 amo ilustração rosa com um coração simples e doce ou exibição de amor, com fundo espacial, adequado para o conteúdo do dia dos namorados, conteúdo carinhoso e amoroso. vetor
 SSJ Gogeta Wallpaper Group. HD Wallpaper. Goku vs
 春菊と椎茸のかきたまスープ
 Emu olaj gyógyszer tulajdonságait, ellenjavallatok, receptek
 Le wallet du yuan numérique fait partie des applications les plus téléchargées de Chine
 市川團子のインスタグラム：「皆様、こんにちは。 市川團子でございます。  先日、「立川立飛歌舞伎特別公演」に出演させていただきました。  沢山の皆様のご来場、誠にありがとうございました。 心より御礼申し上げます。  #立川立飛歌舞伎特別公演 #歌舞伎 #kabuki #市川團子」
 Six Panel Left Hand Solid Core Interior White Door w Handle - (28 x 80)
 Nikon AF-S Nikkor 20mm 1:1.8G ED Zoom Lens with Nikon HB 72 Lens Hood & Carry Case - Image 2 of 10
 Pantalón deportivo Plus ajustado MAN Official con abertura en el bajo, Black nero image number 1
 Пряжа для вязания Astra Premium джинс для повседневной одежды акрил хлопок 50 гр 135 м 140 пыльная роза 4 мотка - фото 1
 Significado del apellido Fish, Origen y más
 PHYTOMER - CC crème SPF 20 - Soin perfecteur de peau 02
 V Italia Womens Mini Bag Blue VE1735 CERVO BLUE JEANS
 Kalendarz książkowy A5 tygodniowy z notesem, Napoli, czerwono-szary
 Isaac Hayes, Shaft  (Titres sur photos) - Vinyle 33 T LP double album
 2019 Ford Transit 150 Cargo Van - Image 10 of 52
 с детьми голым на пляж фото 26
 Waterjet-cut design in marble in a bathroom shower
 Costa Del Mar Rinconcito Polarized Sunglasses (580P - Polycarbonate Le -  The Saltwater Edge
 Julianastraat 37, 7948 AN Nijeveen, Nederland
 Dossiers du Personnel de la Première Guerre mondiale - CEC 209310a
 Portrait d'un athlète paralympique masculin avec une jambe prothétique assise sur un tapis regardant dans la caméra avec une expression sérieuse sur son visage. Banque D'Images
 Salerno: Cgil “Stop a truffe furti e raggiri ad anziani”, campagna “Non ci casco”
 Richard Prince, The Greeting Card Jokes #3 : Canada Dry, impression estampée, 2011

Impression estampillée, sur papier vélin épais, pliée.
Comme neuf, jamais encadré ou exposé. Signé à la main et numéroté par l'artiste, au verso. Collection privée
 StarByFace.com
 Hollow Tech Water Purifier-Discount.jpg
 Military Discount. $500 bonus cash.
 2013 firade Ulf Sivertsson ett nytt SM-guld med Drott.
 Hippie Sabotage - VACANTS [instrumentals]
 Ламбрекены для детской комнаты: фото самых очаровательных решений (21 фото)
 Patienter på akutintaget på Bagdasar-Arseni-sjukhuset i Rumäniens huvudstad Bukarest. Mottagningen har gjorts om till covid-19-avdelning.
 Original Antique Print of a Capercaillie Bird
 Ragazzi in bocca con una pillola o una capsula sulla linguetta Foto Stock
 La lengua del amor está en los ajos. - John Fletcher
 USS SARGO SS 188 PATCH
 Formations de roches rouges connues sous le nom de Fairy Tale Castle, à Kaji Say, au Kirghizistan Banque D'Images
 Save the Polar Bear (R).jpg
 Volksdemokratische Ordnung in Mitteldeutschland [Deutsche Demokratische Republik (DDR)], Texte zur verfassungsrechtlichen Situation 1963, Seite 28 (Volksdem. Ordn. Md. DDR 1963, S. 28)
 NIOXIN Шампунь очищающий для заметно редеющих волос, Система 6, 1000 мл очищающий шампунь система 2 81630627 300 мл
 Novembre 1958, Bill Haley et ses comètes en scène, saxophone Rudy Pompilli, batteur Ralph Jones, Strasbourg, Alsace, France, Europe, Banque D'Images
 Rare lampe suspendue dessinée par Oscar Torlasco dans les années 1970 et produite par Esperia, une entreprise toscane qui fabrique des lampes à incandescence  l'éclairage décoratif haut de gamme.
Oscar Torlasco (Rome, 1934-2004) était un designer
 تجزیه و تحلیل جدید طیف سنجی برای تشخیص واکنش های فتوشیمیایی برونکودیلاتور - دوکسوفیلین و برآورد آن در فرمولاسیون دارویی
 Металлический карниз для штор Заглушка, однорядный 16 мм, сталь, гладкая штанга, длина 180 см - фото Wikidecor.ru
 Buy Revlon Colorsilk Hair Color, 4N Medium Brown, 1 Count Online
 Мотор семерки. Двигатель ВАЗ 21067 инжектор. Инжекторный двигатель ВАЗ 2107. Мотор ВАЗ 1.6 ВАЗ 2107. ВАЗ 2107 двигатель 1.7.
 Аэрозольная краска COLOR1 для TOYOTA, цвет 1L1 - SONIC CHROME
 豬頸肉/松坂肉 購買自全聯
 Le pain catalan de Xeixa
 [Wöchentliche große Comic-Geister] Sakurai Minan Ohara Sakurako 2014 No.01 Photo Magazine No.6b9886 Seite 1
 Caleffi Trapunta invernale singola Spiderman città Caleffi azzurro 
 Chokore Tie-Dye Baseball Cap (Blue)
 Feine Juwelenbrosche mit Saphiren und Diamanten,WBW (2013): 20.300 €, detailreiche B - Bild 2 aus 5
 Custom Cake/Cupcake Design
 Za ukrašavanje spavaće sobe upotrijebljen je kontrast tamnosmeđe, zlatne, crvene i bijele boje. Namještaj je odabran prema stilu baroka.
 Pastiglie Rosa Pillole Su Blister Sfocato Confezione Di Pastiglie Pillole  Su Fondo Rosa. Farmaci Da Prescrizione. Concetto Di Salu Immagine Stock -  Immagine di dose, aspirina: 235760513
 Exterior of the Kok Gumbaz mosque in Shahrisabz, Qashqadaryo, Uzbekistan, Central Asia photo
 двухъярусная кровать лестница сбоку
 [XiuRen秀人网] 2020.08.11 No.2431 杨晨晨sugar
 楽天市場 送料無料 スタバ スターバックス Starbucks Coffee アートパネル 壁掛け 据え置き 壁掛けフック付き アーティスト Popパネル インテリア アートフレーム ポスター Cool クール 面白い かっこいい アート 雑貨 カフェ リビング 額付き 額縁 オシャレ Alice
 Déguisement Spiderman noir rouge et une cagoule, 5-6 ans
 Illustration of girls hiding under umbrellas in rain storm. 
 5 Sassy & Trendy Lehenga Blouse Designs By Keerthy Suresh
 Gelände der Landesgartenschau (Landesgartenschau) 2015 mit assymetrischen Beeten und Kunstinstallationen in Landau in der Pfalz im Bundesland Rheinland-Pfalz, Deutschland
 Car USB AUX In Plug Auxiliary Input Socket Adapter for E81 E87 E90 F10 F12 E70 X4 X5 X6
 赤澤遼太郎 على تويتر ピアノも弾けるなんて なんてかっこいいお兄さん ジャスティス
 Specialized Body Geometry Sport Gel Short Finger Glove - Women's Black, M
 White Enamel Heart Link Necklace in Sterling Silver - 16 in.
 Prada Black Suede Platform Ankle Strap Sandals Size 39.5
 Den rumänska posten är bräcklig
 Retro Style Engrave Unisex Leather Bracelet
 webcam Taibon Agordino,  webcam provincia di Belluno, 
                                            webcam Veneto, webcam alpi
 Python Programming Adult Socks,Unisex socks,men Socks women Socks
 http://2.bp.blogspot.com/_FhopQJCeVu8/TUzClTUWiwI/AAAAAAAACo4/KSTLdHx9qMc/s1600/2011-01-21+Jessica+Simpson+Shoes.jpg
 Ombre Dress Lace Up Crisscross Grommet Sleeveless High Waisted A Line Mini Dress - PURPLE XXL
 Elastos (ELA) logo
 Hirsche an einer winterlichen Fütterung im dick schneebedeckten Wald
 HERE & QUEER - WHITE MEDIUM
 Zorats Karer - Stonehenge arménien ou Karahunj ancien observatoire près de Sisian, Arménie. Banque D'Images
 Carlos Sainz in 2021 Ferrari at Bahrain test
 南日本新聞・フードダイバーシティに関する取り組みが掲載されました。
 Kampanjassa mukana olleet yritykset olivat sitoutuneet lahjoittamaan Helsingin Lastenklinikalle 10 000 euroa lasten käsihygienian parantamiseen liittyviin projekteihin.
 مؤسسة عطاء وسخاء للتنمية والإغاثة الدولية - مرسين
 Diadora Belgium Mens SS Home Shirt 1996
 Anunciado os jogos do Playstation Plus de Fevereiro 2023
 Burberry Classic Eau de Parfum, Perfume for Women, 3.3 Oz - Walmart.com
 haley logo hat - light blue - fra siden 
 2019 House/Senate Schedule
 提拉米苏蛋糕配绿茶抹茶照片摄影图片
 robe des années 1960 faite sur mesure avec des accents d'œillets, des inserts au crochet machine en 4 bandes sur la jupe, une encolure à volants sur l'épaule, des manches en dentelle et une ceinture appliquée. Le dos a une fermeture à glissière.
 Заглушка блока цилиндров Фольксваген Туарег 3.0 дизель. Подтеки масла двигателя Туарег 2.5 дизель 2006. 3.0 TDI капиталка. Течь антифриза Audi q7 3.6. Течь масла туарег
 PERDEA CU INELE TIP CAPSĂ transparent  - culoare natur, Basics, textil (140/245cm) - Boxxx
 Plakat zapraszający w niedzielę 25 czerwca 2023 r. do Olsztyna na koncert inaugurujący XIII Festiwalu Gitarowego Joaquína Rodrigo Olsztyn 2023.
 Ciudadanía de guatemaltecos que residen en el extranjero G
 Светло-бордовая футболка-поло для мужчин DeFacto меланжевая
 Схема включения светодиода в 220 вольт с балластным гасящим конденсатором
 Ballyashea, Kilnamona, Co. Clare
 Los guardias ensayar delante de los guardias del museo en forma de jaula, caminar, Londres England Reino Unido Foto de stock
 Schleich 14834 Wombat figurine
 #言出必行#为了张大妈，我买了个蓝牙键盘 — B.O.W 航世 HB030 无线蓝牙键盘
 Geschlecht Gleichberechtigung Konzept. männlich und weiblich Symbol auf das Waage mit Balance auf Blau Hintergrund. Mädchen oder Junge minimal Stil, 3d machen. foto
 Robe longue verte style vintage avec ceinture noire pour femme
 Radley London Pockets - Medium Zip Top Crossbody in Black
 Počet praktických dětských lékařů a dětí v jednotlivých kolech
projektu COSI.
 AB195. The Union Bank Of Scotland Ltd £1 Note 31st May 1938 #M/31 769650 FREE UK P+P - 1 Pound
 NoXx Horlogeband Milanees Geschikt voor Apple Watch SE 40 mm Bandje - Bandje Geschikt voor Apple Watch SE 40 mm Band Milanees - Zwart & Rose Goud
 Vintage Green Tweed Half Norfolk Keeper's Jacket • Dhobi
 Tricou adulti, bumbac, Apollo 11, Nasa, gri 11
===============
Goal of the exercise — All lines that contain the word "Oscar" must be copied from the records above.

Result of the exercise —
 Rare lampe suspendue dessinée par Oscar Torlasco dans les années 1970 et produite par Esperia, une entreprise toscane qui fabrique des lampes à incandescence  l'éclairage décoratif haut de gamme.
Oscar Torlasco (Rome, 1934-2004) était un designer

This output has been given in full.